Court allows drug label lawsuit
The Supreme Court, voting 6-3, ruled on Wednesday that federal approval of labels giving warnings about effects of drugs does not bar lawsuits under state law claiming inadequate warnings of a health risk. The ruling came in the case of Wyeth v. Levine (06-1249). This was the only decision of the day.
The history of the federal law on drugs shows, Justice John Paul Stevens wrote for the Court, that Congress did not intend to bar failure-to-warn lawsuits that are based on state law. The decision also rejected a claim by the pharmaceutical company, Wyeth, that a 2006 regulation of the Food and Drug Administration expressing concern about the impact of state failure-to-warn lawsuits on federal regulation should mean that such cases are barred. The Court said that, since Congress has not authorized a federal agency directly to preempt state lawsuits, the Court would give less weight to FDA’s views on that issue.
Justice Stevens stressed, however, that the Court was not ruling on the preemptive effect of any official rule that FDA might impose that had the force of law. Justice Stephen G. Breyer, who joined the Stevens opinion, made that comment the centerpiece of his separate concurrence.
Also joining the Stevens opinion were Justices Ruth Bader Ginsburg, Anthony M. Kennedy and David H. Souter. Justice Clarence Thomas wrote separately, supporting only the outcome, not the majority’s reasoning.
Justice Samuel A. Alito, Jr., joined by Chief Justice John G. Roberts, Jr., and Justice Antonin Scalia, dissented. The dissenters said that the majority had turned “a common-law tort suit into a frontal assault on the FDA’s regulatory regime for drug labeling.”
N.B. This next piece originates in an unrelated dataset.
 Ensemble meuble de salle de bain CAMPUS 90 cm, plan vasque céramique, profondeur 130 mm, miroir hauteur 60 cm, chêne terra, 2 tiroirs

The case involved a lawsuit over the injection of an anti-nausea drug which Wyeth sells under the trade name Phenergan. The manufacturer’s label allowed the drug to be administered by direct injection as a highly potent way of delivering the drug to get prompt effects. It also warned that if the drug entered an artery, it could cause gangrene. However, it did not tie that risk to direct injection. That label, and the method of administration, won FDA approval in 1997.
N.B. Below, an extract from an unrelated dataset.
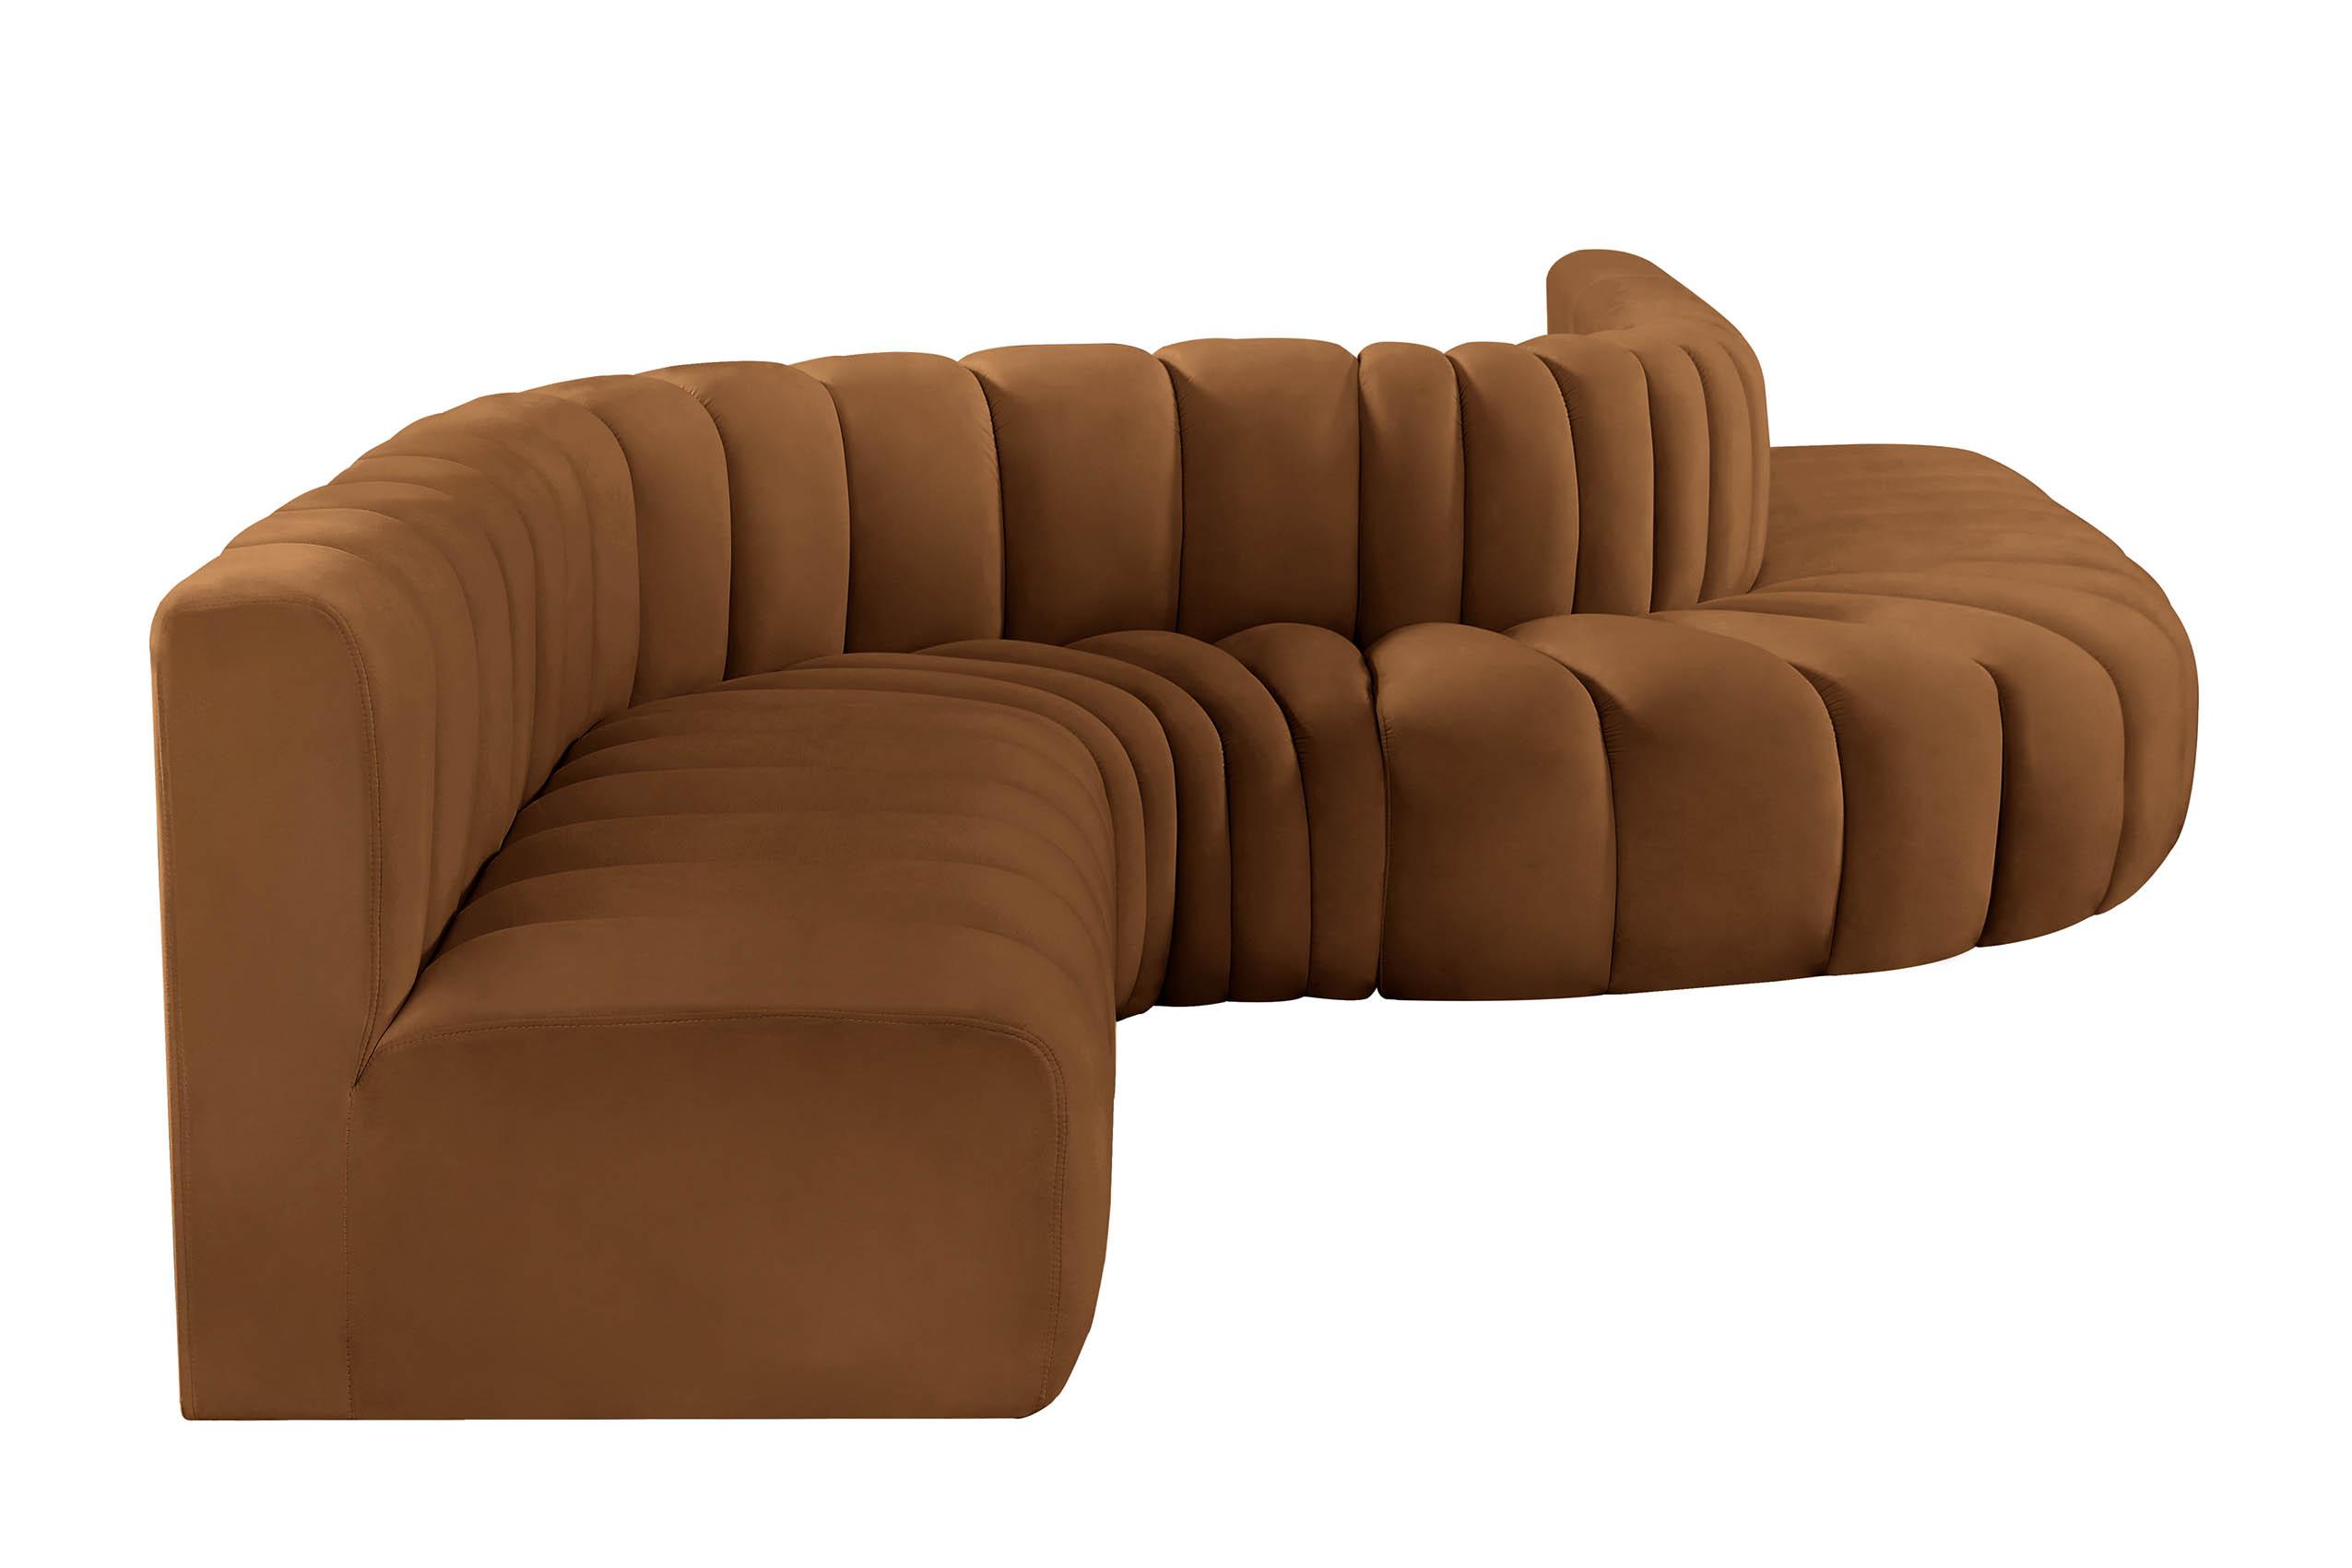 

    
103Saddle-S8C Meridian Furniture Modular Sectional Sofa

A lawsuit under Vermont law, at the center of Wednesday’s decision, arose when a patient, Diana Levine, went for treatment of a severe migraine headache and associated nausea and dehydration. She went to the Northeast Washington County Community Health Clinic in Montpelier, Vt., in August 2000.
She was given an intra-muscular injection of Phenargen, but it did not provide much relief. She returned later in the day and was given a given “push injection” of the drug (as opposed to an IV-drip). She developed complications from an apparent mistake in the injection, with the drug entering an artery, resulting in gangrene. She ultimately had to have her forearm amputated, ending her career as a musician.
She won a $700,000 malpractice settlement against the clinic, but then sued Wyeth in state court, arguing that the pharmaceutical firm should have revised its FDA-approved label to bar IV-push injections. A jury ruled in her favor, and awarded $6,774,000.
The Vermont Supreme Court ruled that Wyeth was obliged to comply with a Vermont common law duty not to use a particular form of risky drug administration — here, direct IV injection.
Wyeth took the case on to the Supreme Court, arguing that “there are tens of thousands of individual claims, and potentially millions of class action lawsuits, currently pending in the lower courts, in which plaintiffs contend that a manufacturer’s use of FDA-approved labeling for its prescription drug is inadequate to satisfy state-law duties to warn.”
The Court asked the U.S. Solicitor General for the federal government’s views on the case, and was urged not to hear the case even though contending that the Vermont Supreme Court decision was wrong. But review, the SG said, was not warranted “at this time” because there was no conflict among lower courts on the issue. The Court nevertheless granted review on Jan. 18 last year, and heard argument in early November.